Copy out again, unchanged, the listing below from the line that has "Deepwater Dungeon" through the line that has "riyogems 1шт настоящий".

-- Provided records follows --

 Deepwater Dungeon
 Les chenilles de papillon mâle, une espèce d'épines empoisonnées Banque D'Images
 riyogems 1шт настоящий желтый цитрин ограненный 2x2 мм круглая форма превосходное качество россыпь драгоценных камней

-- Provided records concluded --
-- Provided records follows --

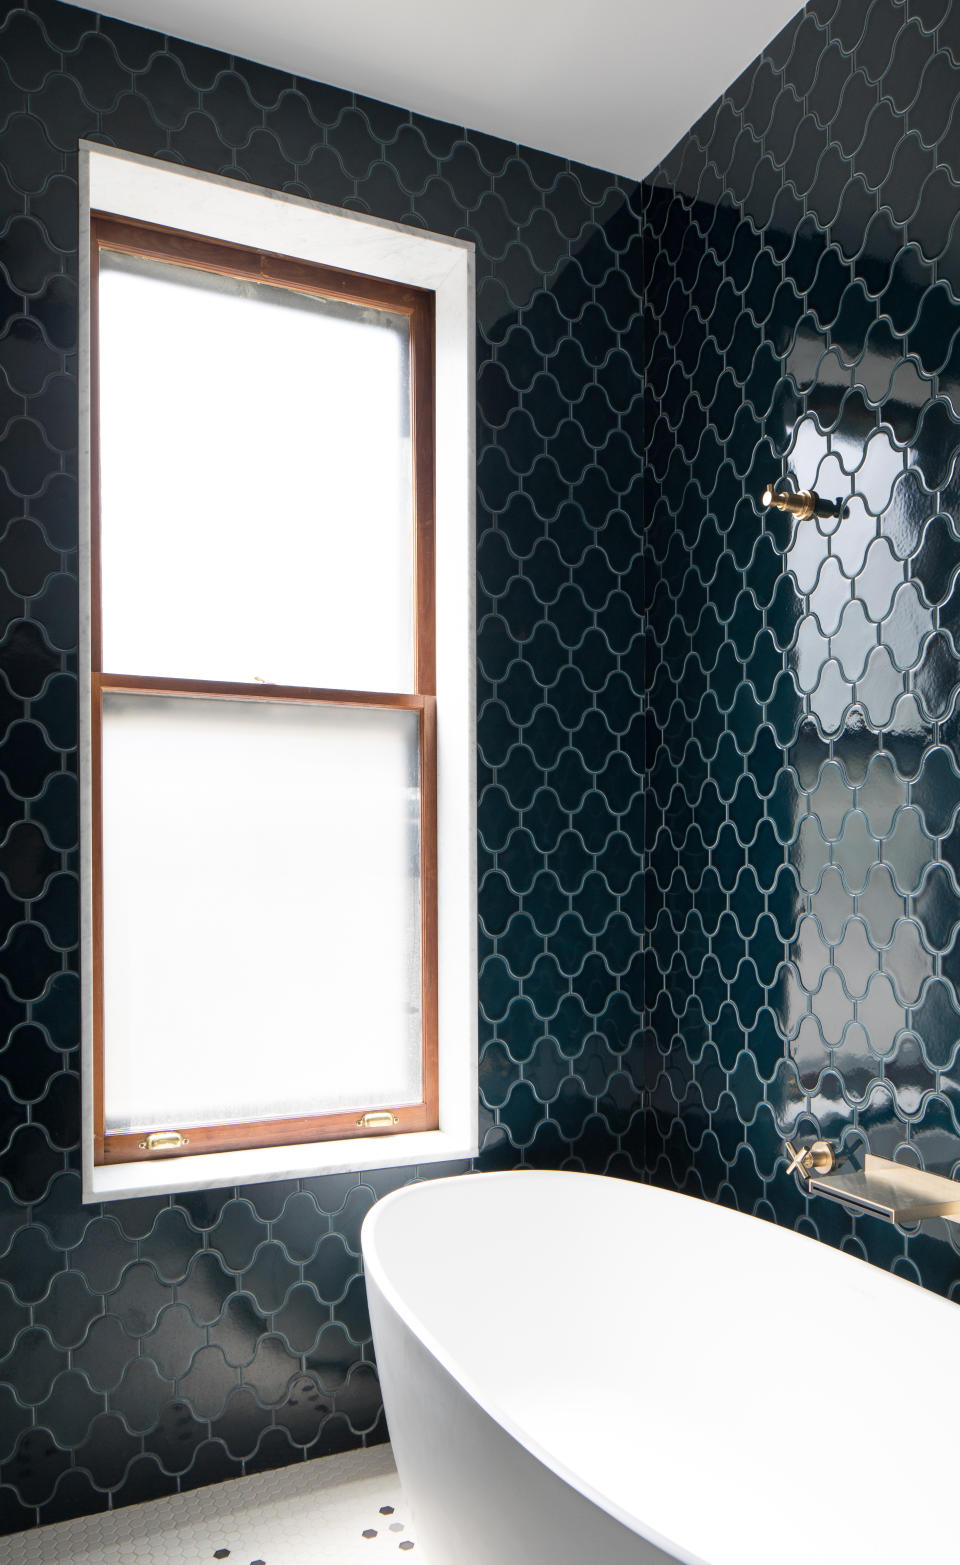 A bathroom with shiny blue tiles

-- Provided records concluded --
-- Provided records follows --

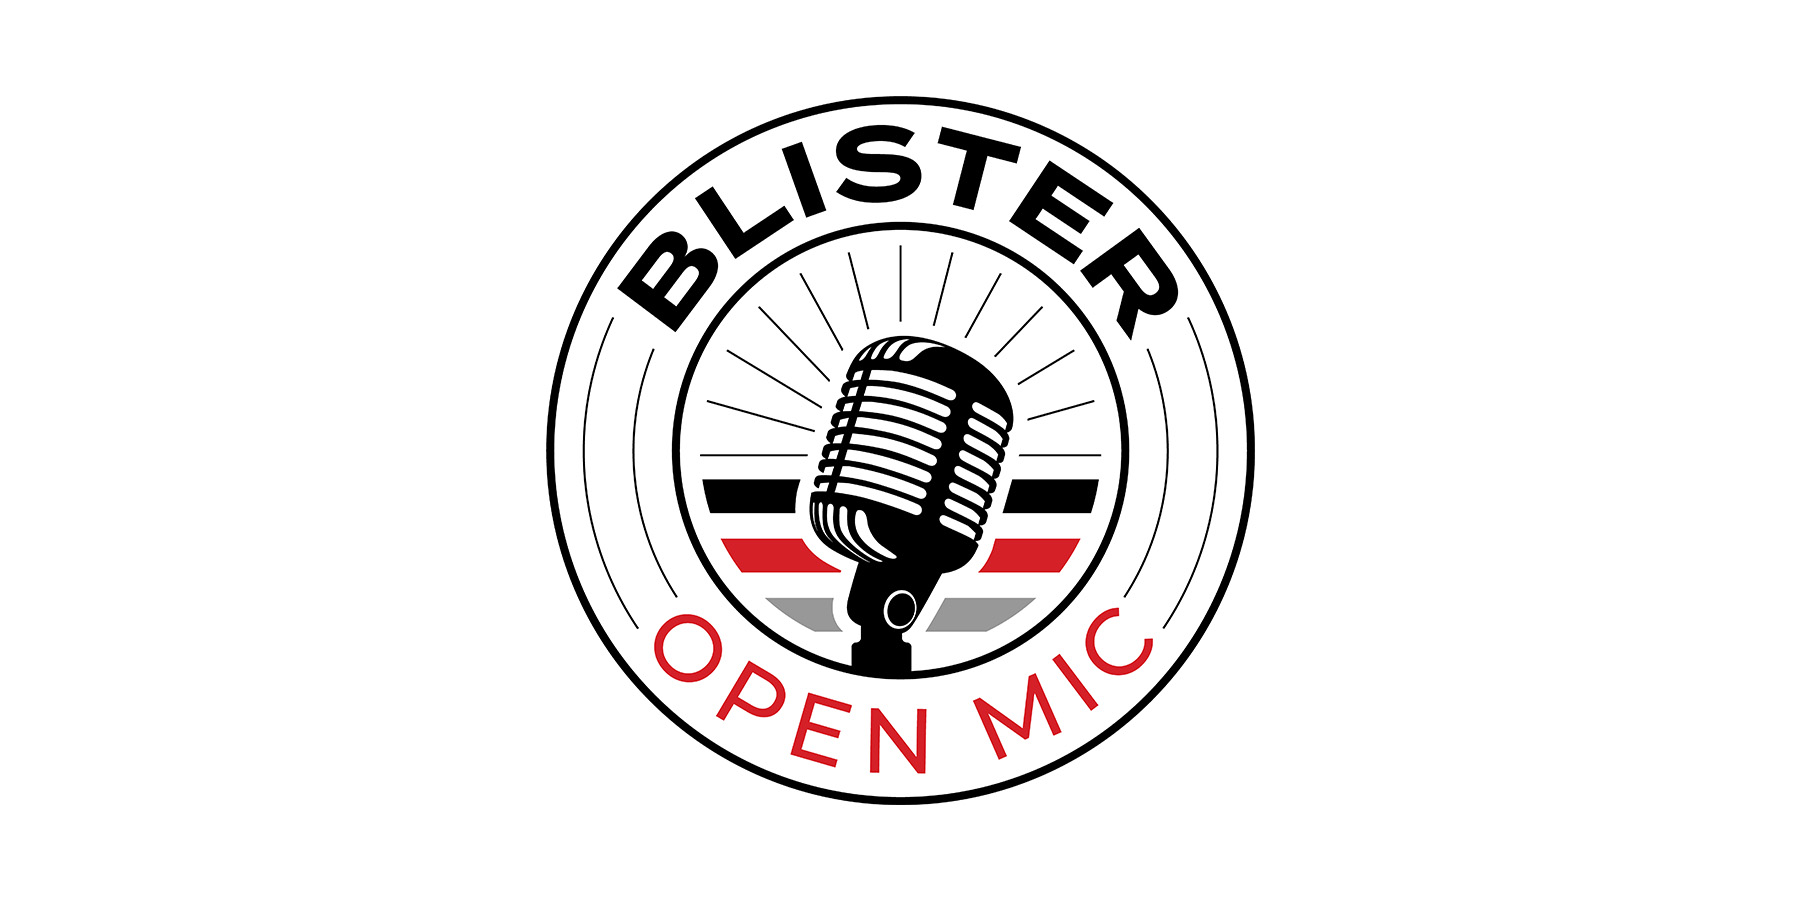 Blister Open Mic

-- Provided records concluded --

### [Solution to the problem]
 Deepwater Dungeon
 Les chenilles de papillon mâle, une espèce d'épines empoisonnées Banque D'Images
 riyogems 1шт настоящий желтый цитрин ограненный 2x2 мм круглая форма превосходное качество россыпь драгоценных камней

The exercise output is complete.